A mesma crítica vai para
os indicadores de produtividade. Lucas vê com preocupação o fato de no
Brasil o número de artigos publicados ter mais peso que a qualidade e
impacto das publicações. “Para financiamento, os pesquisadores aqui são
forçados a publicar artigos em grande quantidade, o que inevitavelmente
dilui a contribuição de cada trabalho para a ciência. Outra diferença é a
massa crítica de cientistas, muito maior nos EUA. Isso gera maior
colaboração, ventilação de ideias e inserção na comunidade científica, o
que é essencial, dado que a ciência é um esforço comunitário.”
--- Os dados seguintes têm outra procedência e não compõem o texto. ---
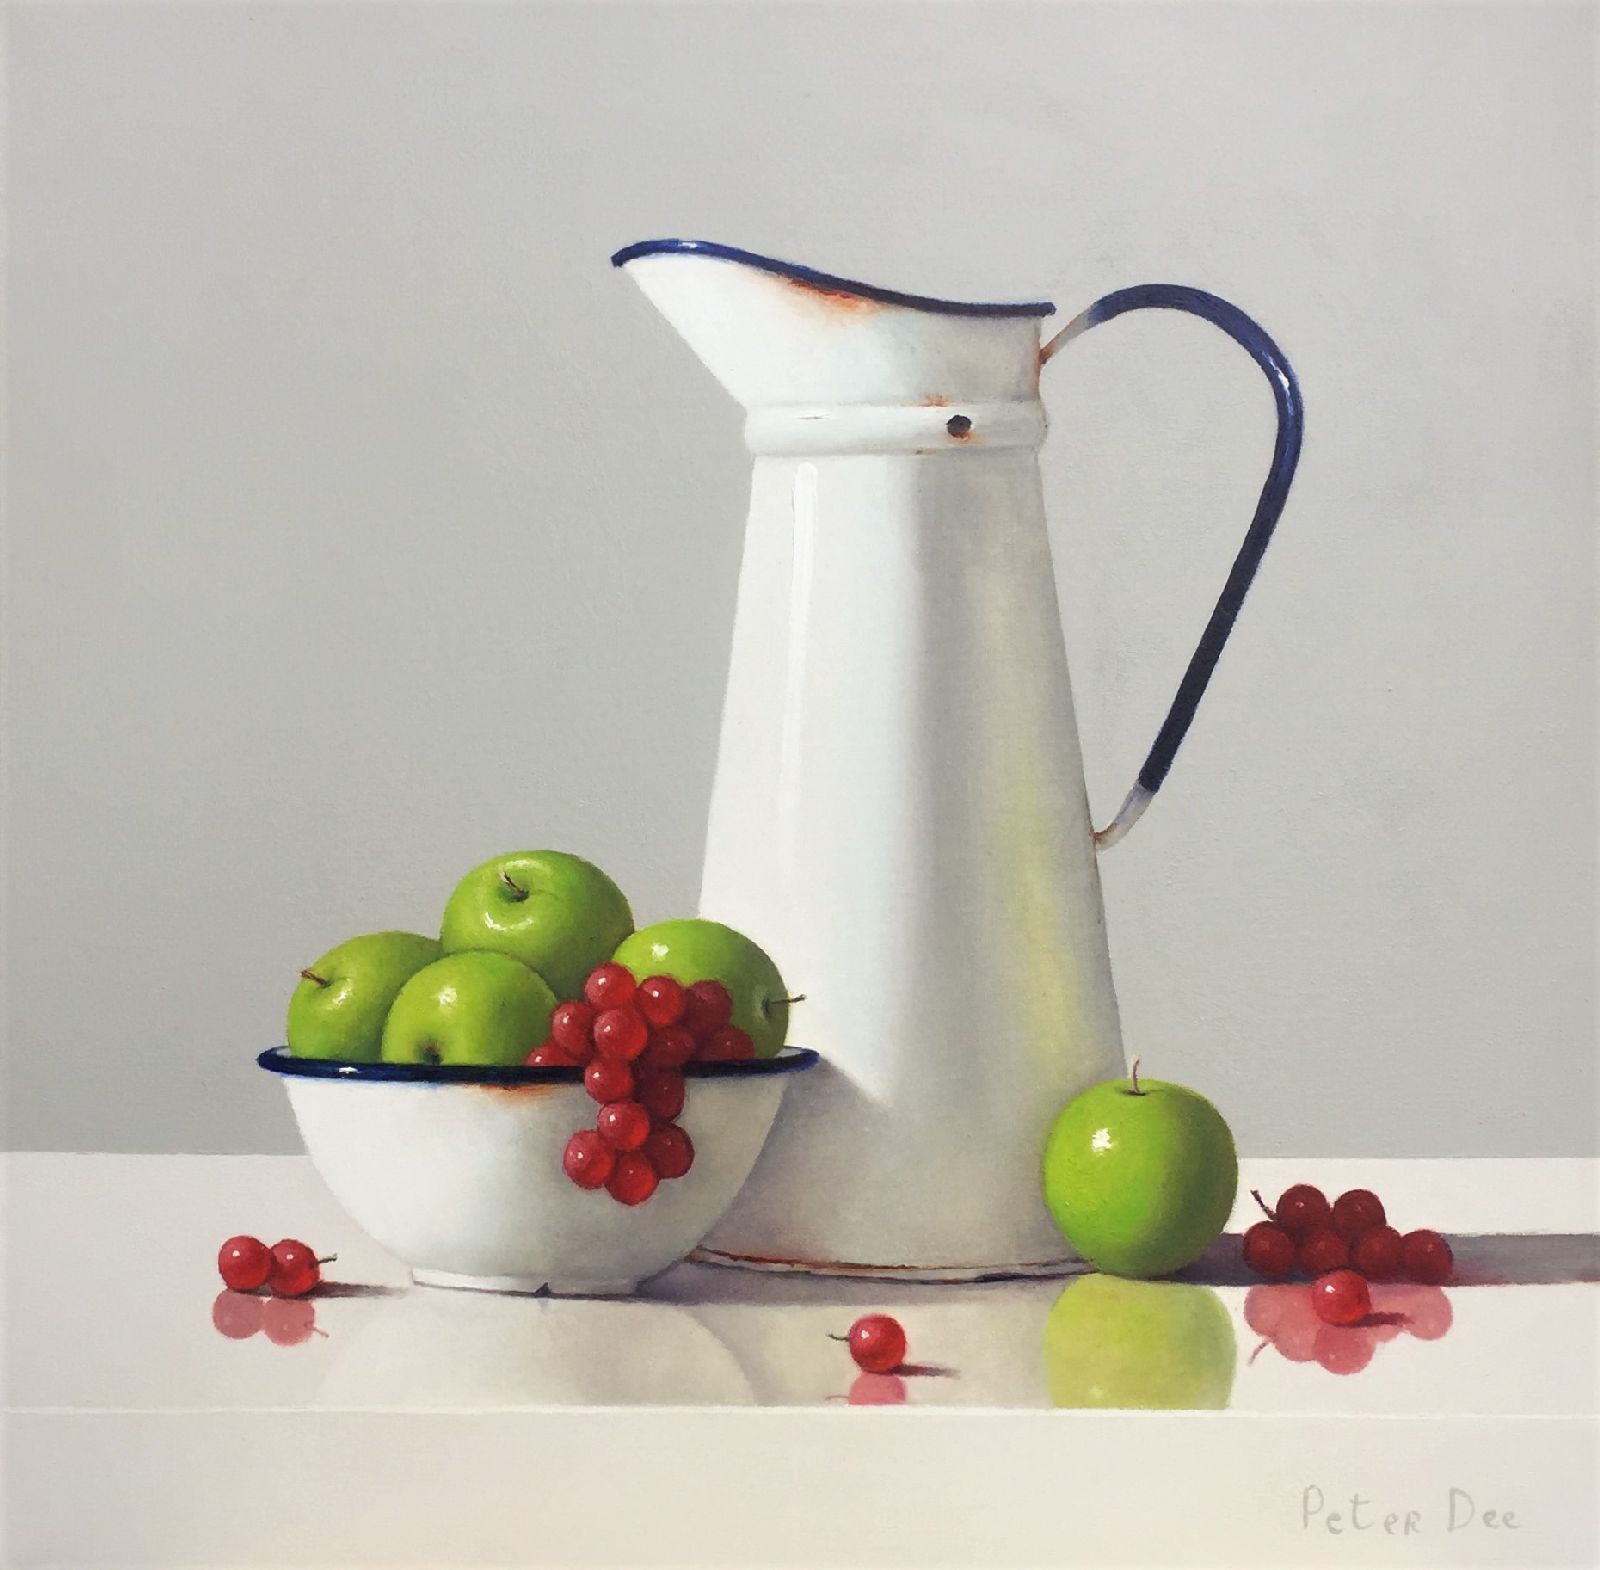 Peter Dee - Vintage Enamelware with Fruit

Valores de bolsas são criticados
O doutorado
sanduíche é a segunda modalidade mais atendida pelo Ciência sem
Fronteiras e levou Matheus Pereira Porto, de 30 anos, a uma das
instituições de ensino mais consagradas do mundo: a Universidade da
Califórnia, onde está desde outubro e se dedica a estudar refrigeração e
armazenamento de energia renovável. Doutorando em engenharia mecânica
pela UFMG, se impressiona com o empreendedorismo. “Aqui se tem toda uma
estrutura para fazer pesquisa ganhando dinheiro. Infelizmente, o Brasil
ainda não está preparado para isso.” Ele e colegas veem falhas no
programa, como a falta de plano de saúde para os intercambistas.
Em
pós-doutoramento no Salk Institute for Biological Studies, na
Califórnia, Maximiller Dal-Bianco Costa, de 31, reclama dos valores das
bolsas. “Recebemos abaixo do mínimo exigido por lei para trabalhar
aqui. Somos contratados com funções diferentes da que desempenhamos e
aceitamos por ser uma oportunidade única. Está na hora de parar de
justificar o ‘investimento na carreira’ como forma de pagar pouco. Como é
que um profissional desenvolve experimentos caríssimos e recebe uma
porção ínfima para seu sustento? Está errado”, desabafa Maximiller,
doutor em ciências biológicas pela Universidade de São Paulo.
Pessoalmente,
ele quer voltar para o Brasil – exigência do Ciência sem Fronteiras –,
profissionalmente, não. “A perspectiva aqui é muito melhor. É difícil
pensar em voltar para um lugar com estrutura inferior. No entanto, tem o
investimento colocado em nossas carreiras pelo governo e o retorno que
podemos levar para o nosso país. O modelo do Ciência sem Fronteiras é
perfeito e está funcionando bem. No entanto, é só um pontapé inicial. O
país terá que abrir mercado para abrigar esta nova geração de
cientistas”, diz.
Em 2012, a aluna de farmácia Marina Santos, de
24 anos, estudou na University of Missouri, nos EUA, e fez um estágio na
Amgen, uma das maiores empresas de biotecnologia do mundo. Constatou
que as pesquisas nos Estados Unidos ocorrem de forma mais rápida e
contam com muito mais recursos. “No Brasil o processo de pesquisa ainda é
burocrático e demorado. Se por um lado isso dificulta o desenvolvimento
dos trabalhos, por outro os brasileiros desenvolvem a ‘técnica do
improviso’: saber se virar frente às dificuldades é essencial em um
contexto de inovação. Percebi que os brasileiros têm maior experiência
com relação à pesquisa do que um americano com o mesmo nível de
escolaridade. A questão aqui é onde e como esse trabalho está sendo
empregado”, acredita a bolsista de iniciação científica.